Profil  

Tamu Istimewa dari Negeri Belanda, Aboeprijadi Santoso

Aboeprijadi Santoso memegang koran berbahasa Belanda "Nieuwsgier" terbitan Jakarta tahun 1953 | Foto: Ist.

Ketika mulai bekerja di Radio Nederland pada tahun 1982, ia memanfaatkan kesempatan ini untuk mewawancarai para pemimpin kemerdekaan Timor Timur di pengasingan dan di Timor Timur sendiri.

Pada tahun 1994, ia mengunjungi Timor Timur untuk pertama kalinya, beberapa kali setelahnya dan kembali pada bulan Agustus dan September 1999 untuk melaporkan Referendum Kemerdekaan tahun 1999 dan tindakan pembalasan yang dilakukan oleh pihak Indonesia.

Pada tahun 2014, pak Tossi menerima penghargaan “Insígnia Ordem de Timor-Leste” dari Presiden Timor Timur yang sekarang merdeka, Taur Matan Ruak. Karya dan tulisannya, terutama yang berkaitan dengan Timor Timur, baik naskah-naskahnya, siaran radionya, maupun bukunya “Jejak Jejak Darah: Tragedi dan Pengkhianatan di Timor Timur” (1996), menjadi referensi penting.

Dia meliput dan menulis liputan eksklusif, terutama mengenai Aceh dan Timor Leste, dan sahabat dekatnya, Ersa Siregar dari RCTI, tewas tertembak. Sebelum pergi ke Lhokseumawe untuk meliput konflik Aceh, Ersa Siregar dan Tossi menginap di Hotel Sultan, Banda Aceh.

Aboeprijadi Santoso selalu melakukan liputan di daerah berbahaya, seperti Manila saat revolusi kuning (1986), Moskow saat perlawanan terhadap Gorbachev (1991), dan Phnom Penh (1997). Ia terkenal dengan laporannya yang kritis dan mendukung Timor Leste.

Sejak tahun 1984, Pak Tossi bekerja sebagai jurnalis di bagian Redaksi Indonesia Radio Nederland Wereldomroep (RNW). Tossi adalah individu yang menguasai sejarah politik Indonesia, jurnalis yang bersemangat.

Ia juga banyak menulis kolom di The Jakarta Post (sejak 1996) dan sebelumnya di majalah berita Editor, kadangkala juga di Tempo. Tulisan-tulisannya dihimpunnya di situs-web-nya: www.aboeprijadi.com.

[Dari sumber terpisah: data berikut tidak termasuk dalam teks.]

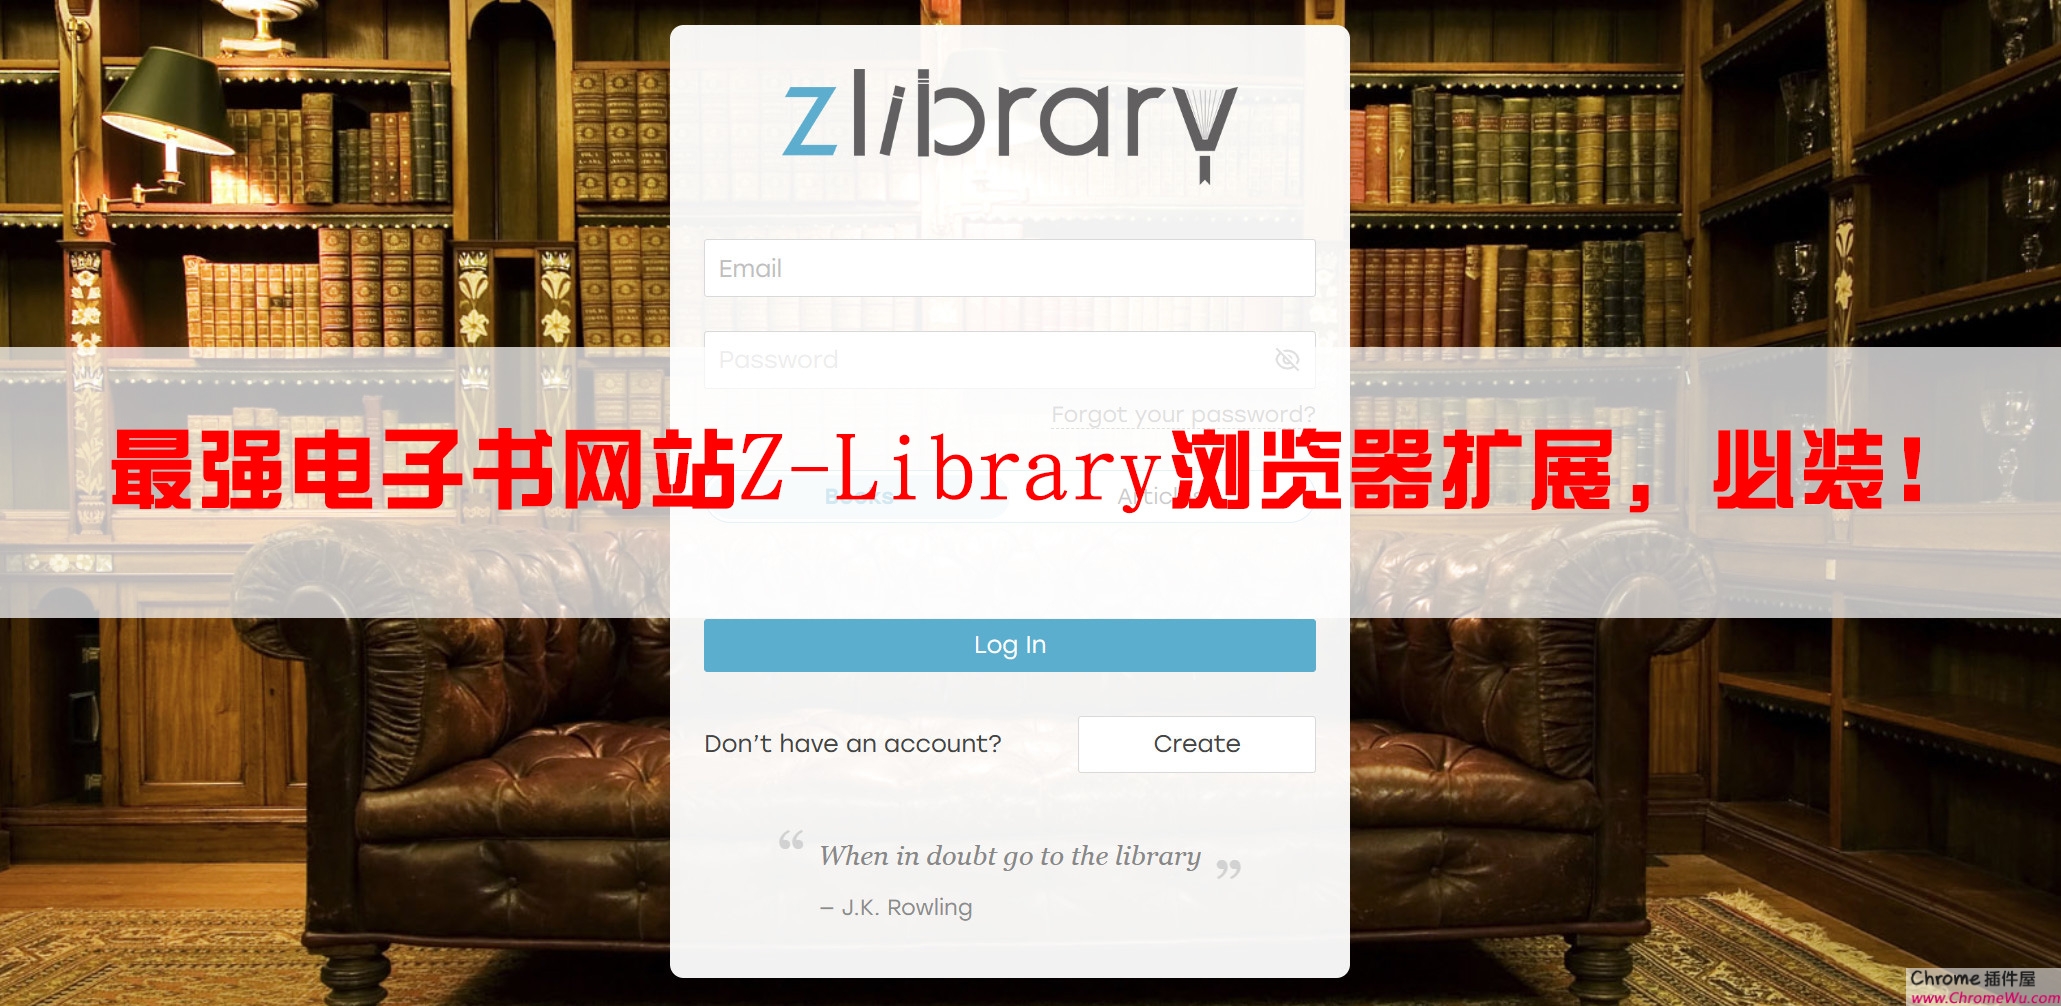 最强电子书网站 Z-Library 浏览器扩展ZLibrary Searcher，必装！

Perjumpaan antara pendengar dan penyiar Radio Nederland (Ranesi) di Saung Angklung Udjo, Bandung beberapa waktu yang lalu.

Tossi lahir di Blitar tahun 1947, sebuah kota di Provinsi Jawa Timur. Pada tahun 1967, ia pindah ke Eropa, di mana ayahnya menjabat sebagai Duta Besar Indonesia di Brussel. Tossi menyelesaikan SMA-nya di Sekolah Indonesia di Wassenaar, dan akhirnya melanjutkan studinya di Universiteit van Amsterdam, dengan fokus pada politik, masyarakat, dan sejarah Asia Tenggara.

Tossi bertemu dengan istrinya, Mutia Samoen, yang juga berasal dari Indonesia, di Amsterdam. Mutia pernah kuliah senirupa (grafik) di Rietveld Academie. Saat ini mereka memiliki tiga anak; Putri, Asri, dan Ilham, dan tiga cucu.

Tossi banyak memfokuskan diri pada laporan medan perang dan daerah konflik. Tahun demi tahun berlalu, semakin banyak laporannya tentang berbagai situasi krisis dengan sudut pandang yang tajam. Tossi dengan mudah dapat menghubungi berbagai tokoh, seperti Uskup Belo, Presiden Xanana Gusmao dari Timor Leste, sahabatnya yaitu mantan Presiden Abdurracman Wahid, aktivis GAM, dan banyak lagi.